2. The method of claim 1 wherein a human editor performs said demarcation of text into items manually.
3. The method of claim 1 wherein said demarcation of text into items is performed according to a set of rules by the computer without a human editor.
4. The method of claim 1 further comprising the steps of:
dividing the uncompressed tokenized text into sequential sections of a fixed size;
creating a word index for each word in the word table by assigning a fixed value for said sections that contain the associated token for the word and another fixed value otherwise;
associating said word index to each word in the word table.
5. The method of claim 4 wherein said index is compressed via run-length-encoding.
6. The method of claim 4 wherein said sequential sections are of varying sizes.
7. The method of claim 1 further comprising the steps of:
dividing the token pairs, each pair of which is represented by a new token, in said word table into sequential groups consisting of a predetermined number of token pairs;
creating a double-word index for each word in said word table by assigning a fixed value for said group that contain the associated token for the word and another fixed value otherwise;
associating said double-word index to each word in the word table.

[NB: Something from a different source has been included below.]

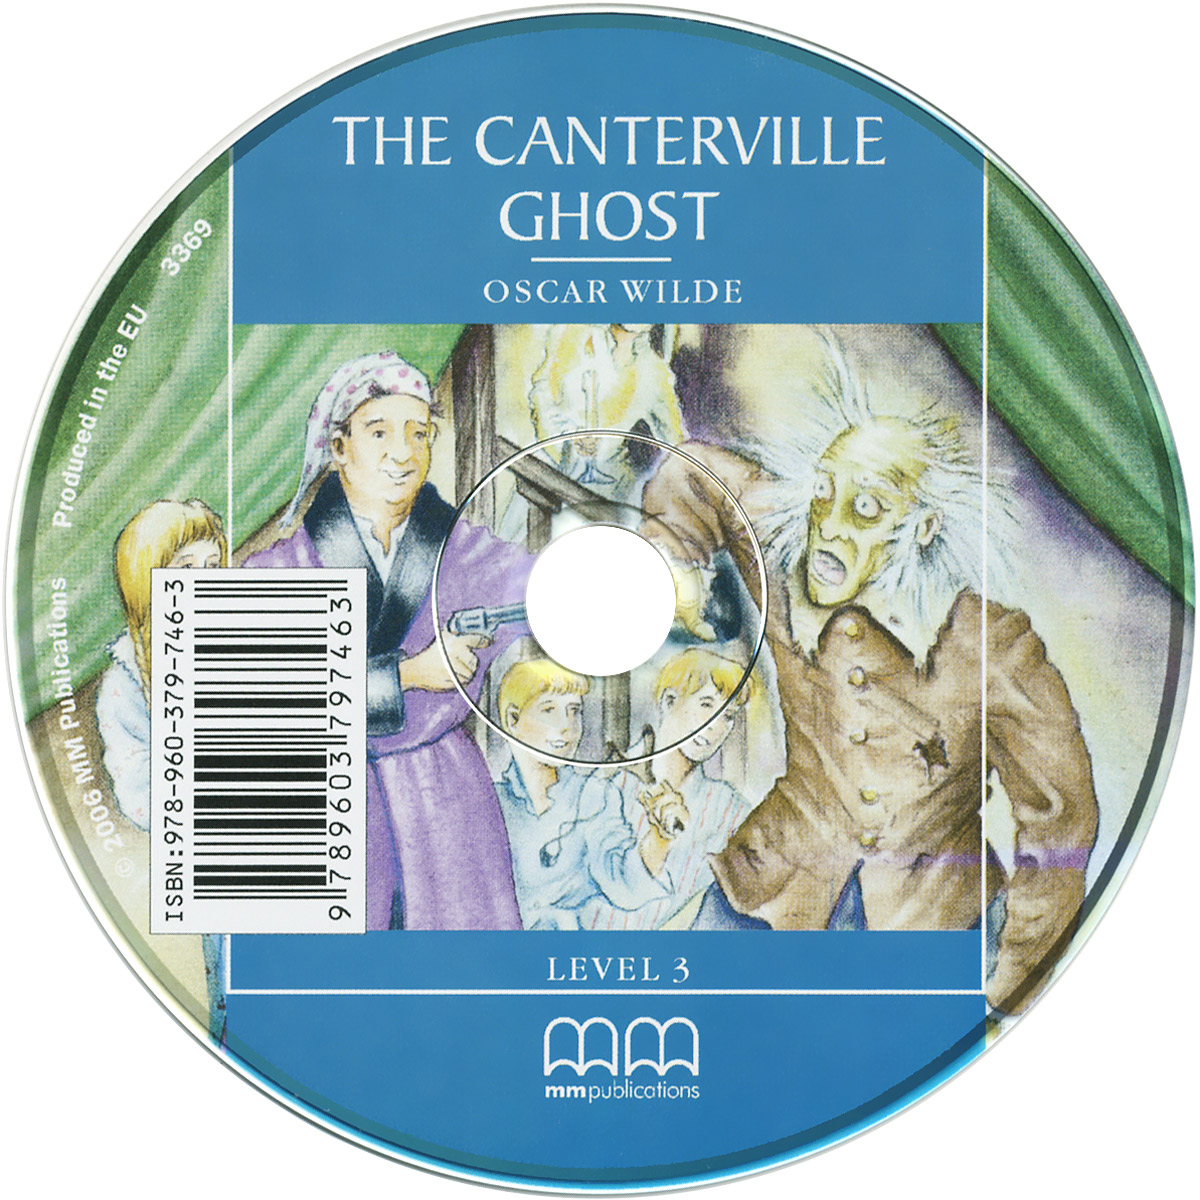 The Canterville Ghost 2 книг + случается внимательно рассматривая

8. The method of claim 7 wherein said index is compressed via run-length-encoding.
9. The method of claim 1 further comprising the steps of:
performing a rule-based sorting of said word table;
assigning new sequential word identification numbers to the sorted words;
re-creating the tokenized text with the updated word identification numbers.
10. The method of claim 1, which further comprises the method of searching said compressed file, comprising the steps of:
inputting a query word;
converting said query word into the corresponding token by using said word table;
identifying the segments of said compressed tokenized file that contain said query token by using said word index;
identifying the multi-word tokens that contain said query token by using said multi-word index;
decompressing said identified multi-word tokens occurring in said identified text segments into single-word tokens;
identifying exact locations where said query token occur by scanning said single-word token segments;
decompressing said locations to form corresponding text portions of said text file
11. A method for compressing text into a compressed file, comprising the steps of:
demarcating text in an input file into items;
parsing words from items;
assigning a word identification number to each unique parsed word;
maintaining a word table that relates a parsed word to the assigned word identification number;
creating a tokenized text with item demarcations of said input file by replacing parsed words with said word identification numbers;
assigning a unique multi-word identification number to each token sequences consisting of the largest number of tokens and occurring more times than a predetermined limit number;
appending said token sequences with said multi-word identification numbers to said word table;
creating a compressed tokenized text by replacing said token sequences in the tokenized text with said multi-word identification numbers;
repeating the previous three steps with said compressed tokenized text until said token sequence consists of two tokens;
outputting a compressed file including said word table and said compressed tokenized text.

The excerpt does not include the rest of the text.